Chapter 21.

This was their last summer before they went off to separate schools. They were laying on their backs looking for faces in the clouds, talking about the future. When they talked about the future, they didn’t discuss school. They made plans for some undefined future when they were together again.
“We can get a train pass for like five hundred dollars,” Helen said. “A month-long train pass. We can go anywhere we want. We can do anything! New York City! San Francisco! Lawrence, Kansas! We just show up at the train station and pick a place off the map. We can do anything.”
“We can go out to the desert,” Jane said, “and take Peyote. We can go on a spirit quest. Find our spirit animals. I’ll bet my spirit animal is John Candy.”
“I want John Candy. Can two people have the same spirit animal?” Helen said.
“I don’t see why not.”
“We can take the ferry to Alcatraz and try to swim back to shore.” Helen said. “Like escapees. We’ll be lost forever.”
“We can just walk around doing nothing at all,” Jane replied. “We can just talk about dumb things and make stupid jokes and laugh. We can get ice cream in Denver. What the hell is in Denver?” She laughed.
“So much ice cream,” Helen said. “And that sniper I guess.”
“Oh yeah,” Jane was quiet for a minute. “Snipers always hide in bell towers. If I was a sniper I wouldn’t hide in a bell tower.
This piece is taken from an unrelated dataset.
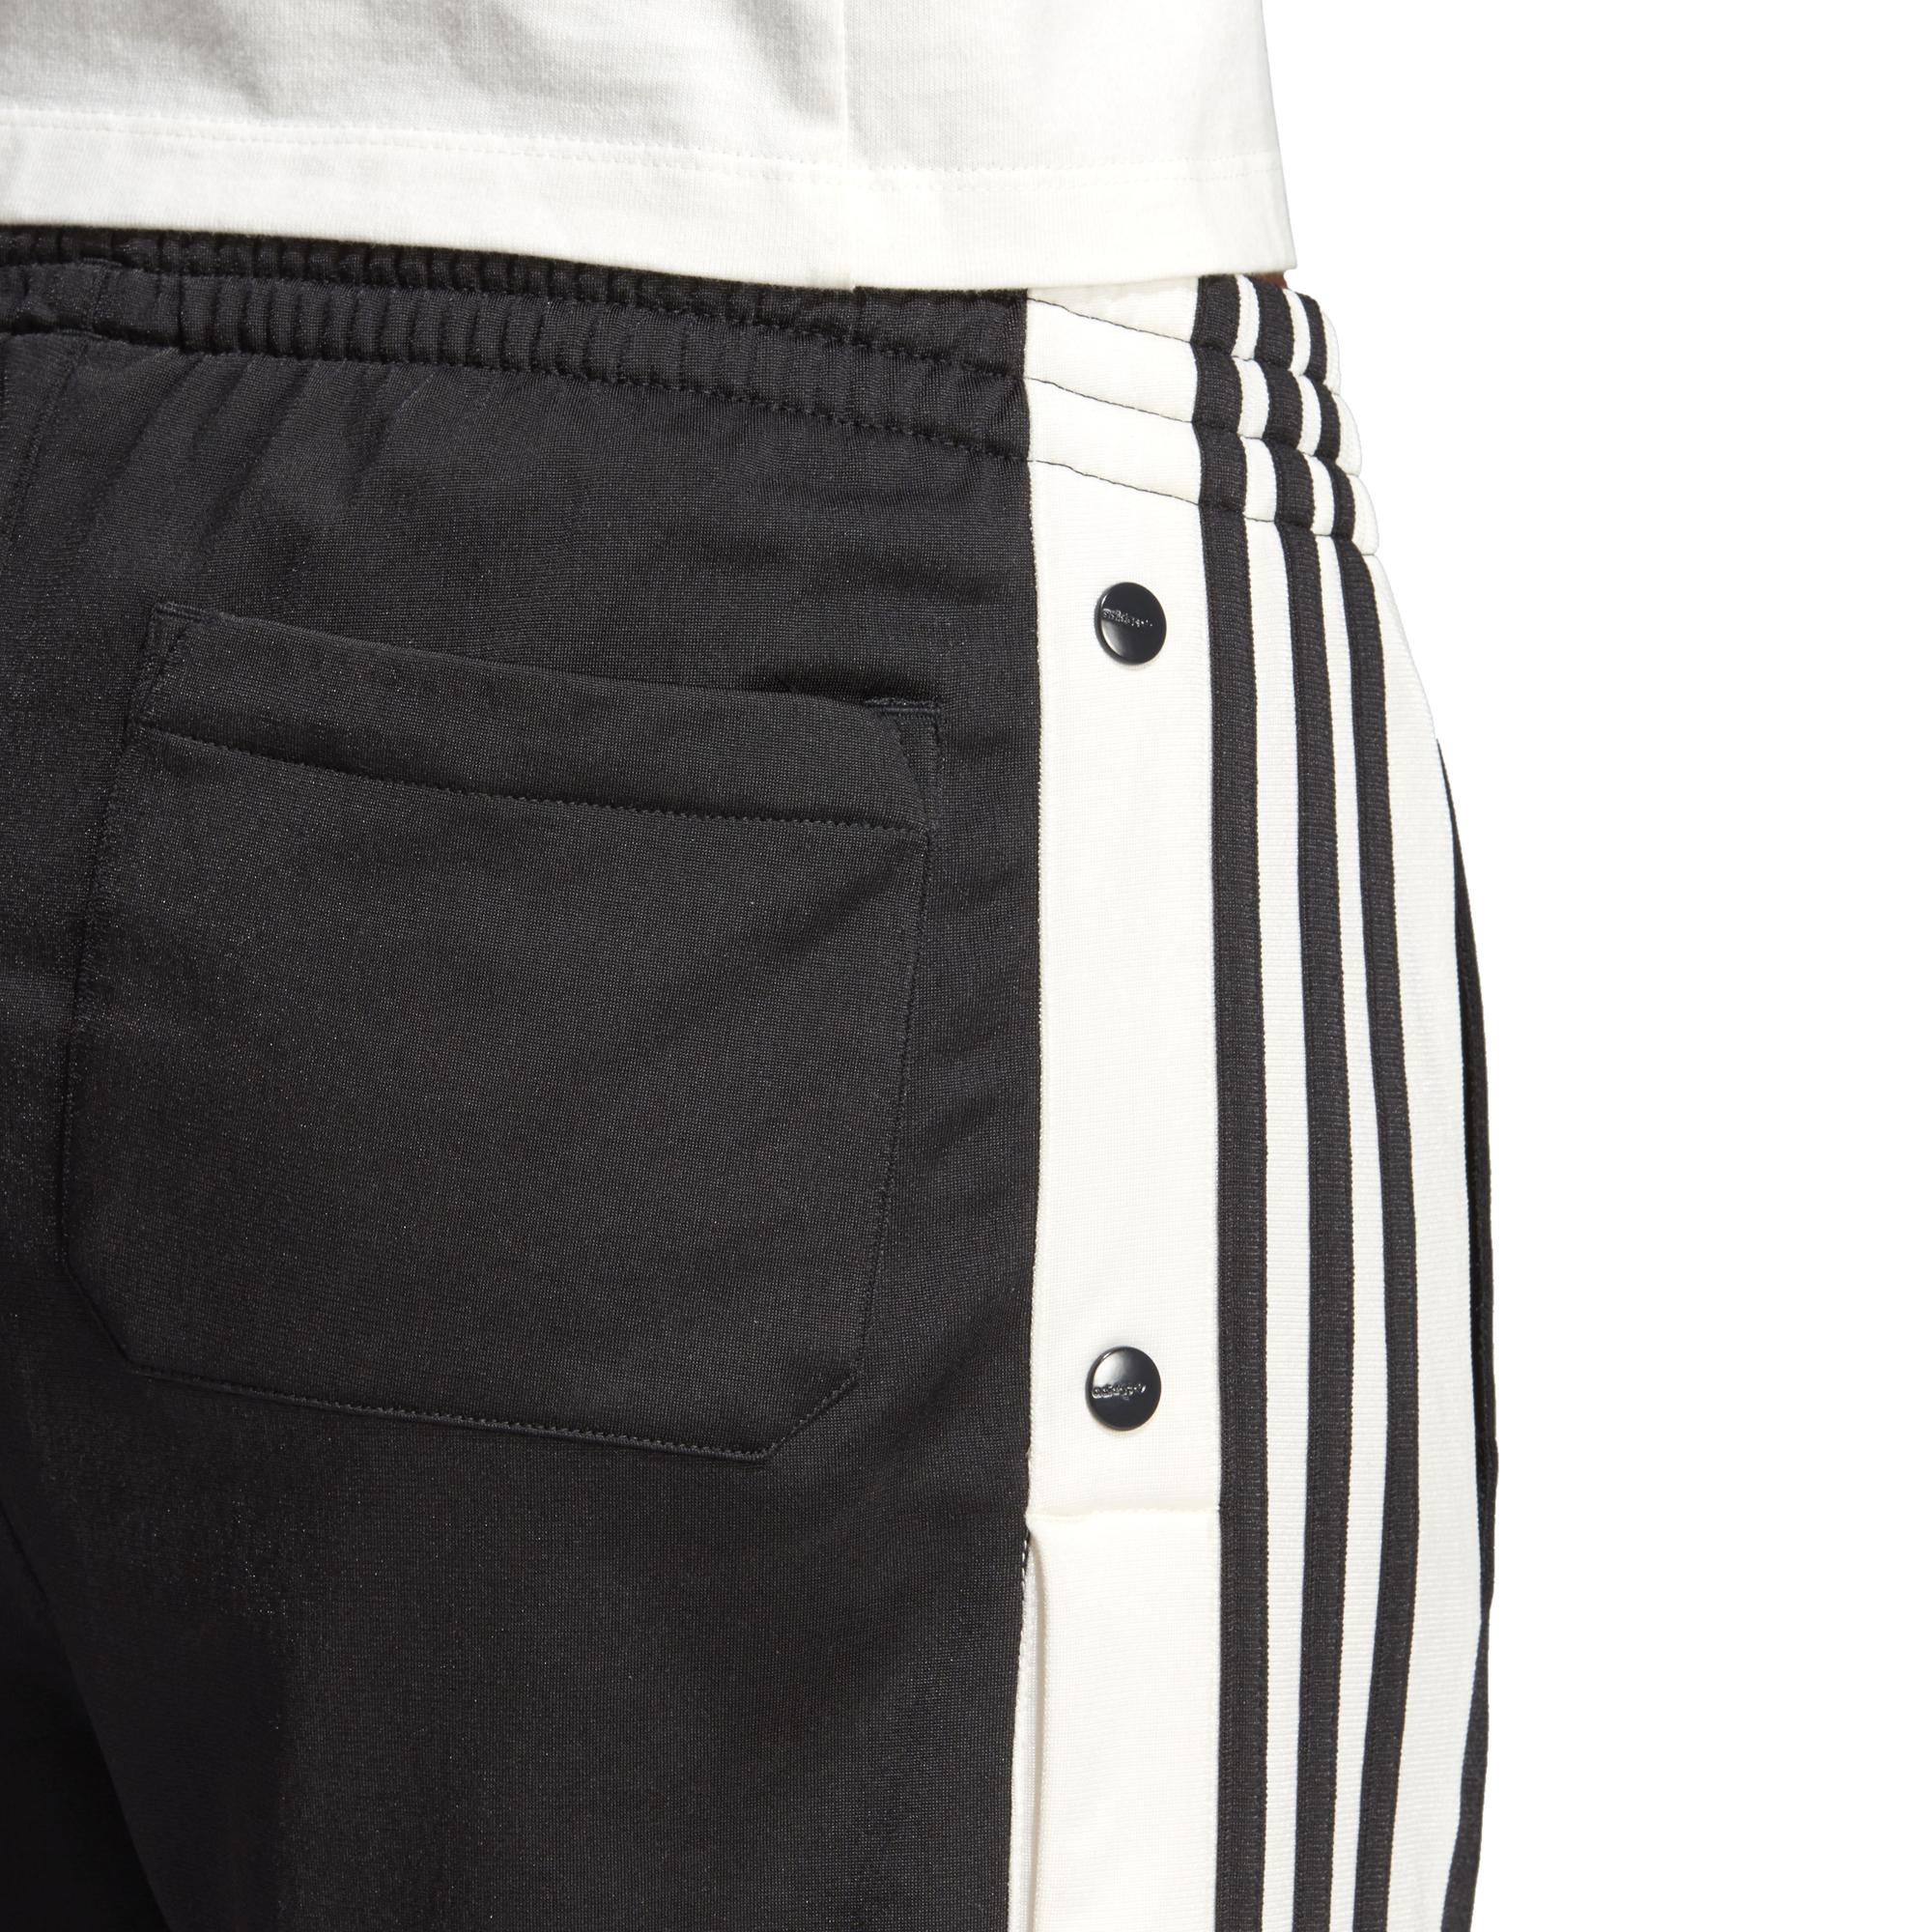 nowe obrazy sklep niezawodna jakość spodenki adidas Adibreak Shorts DH4673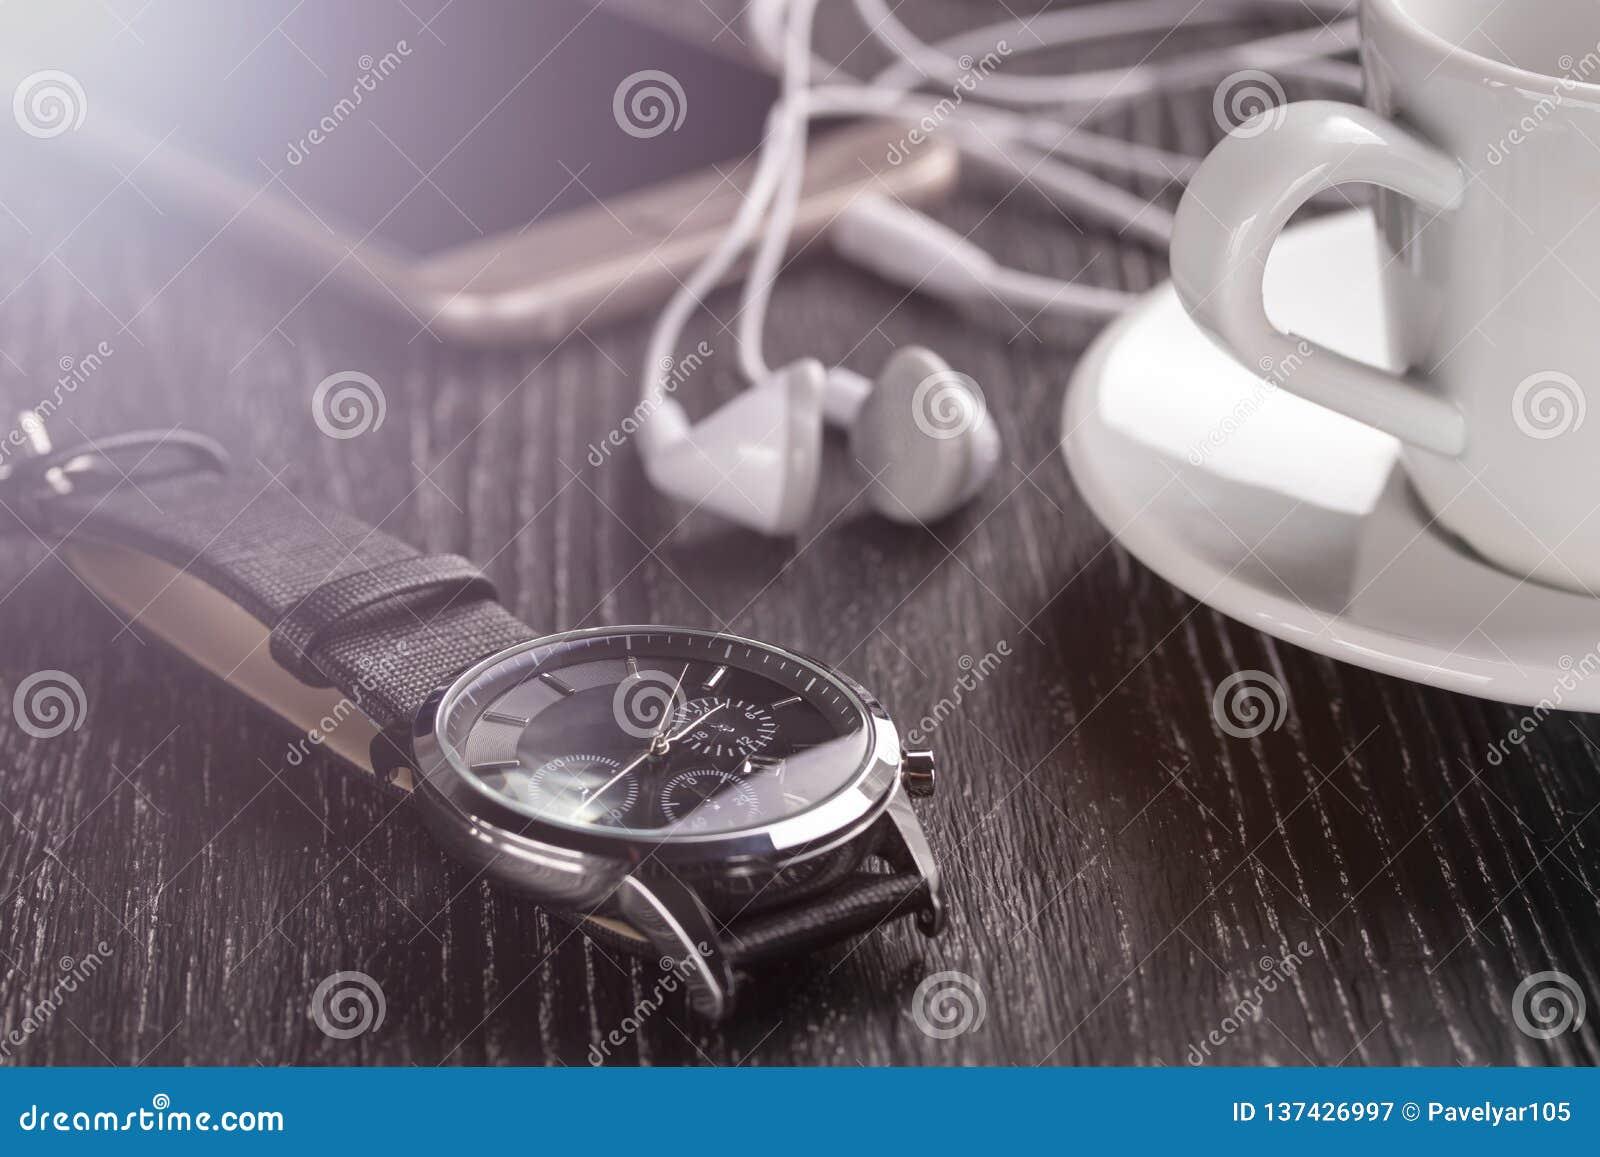 Armbandsur och mobiltelefon med hörlurar och en kopp kaffe på en mörk trätabell

That’s the first place people look. Obviously the sniper’s in a bell tower. That’s where snipers go.”
“Well, it gives you a pretty good view,” Helen said.
“I’d hide out down low.”
“What, like you’d shoot people from the bottom of a well?”
“Yes,” Jane said. “And it would never even occur to anyone to look down there. The bodies would just keep piling up around the mouth of the well, and everyone would be going nuts, trying to figure out which bell tower I was in.”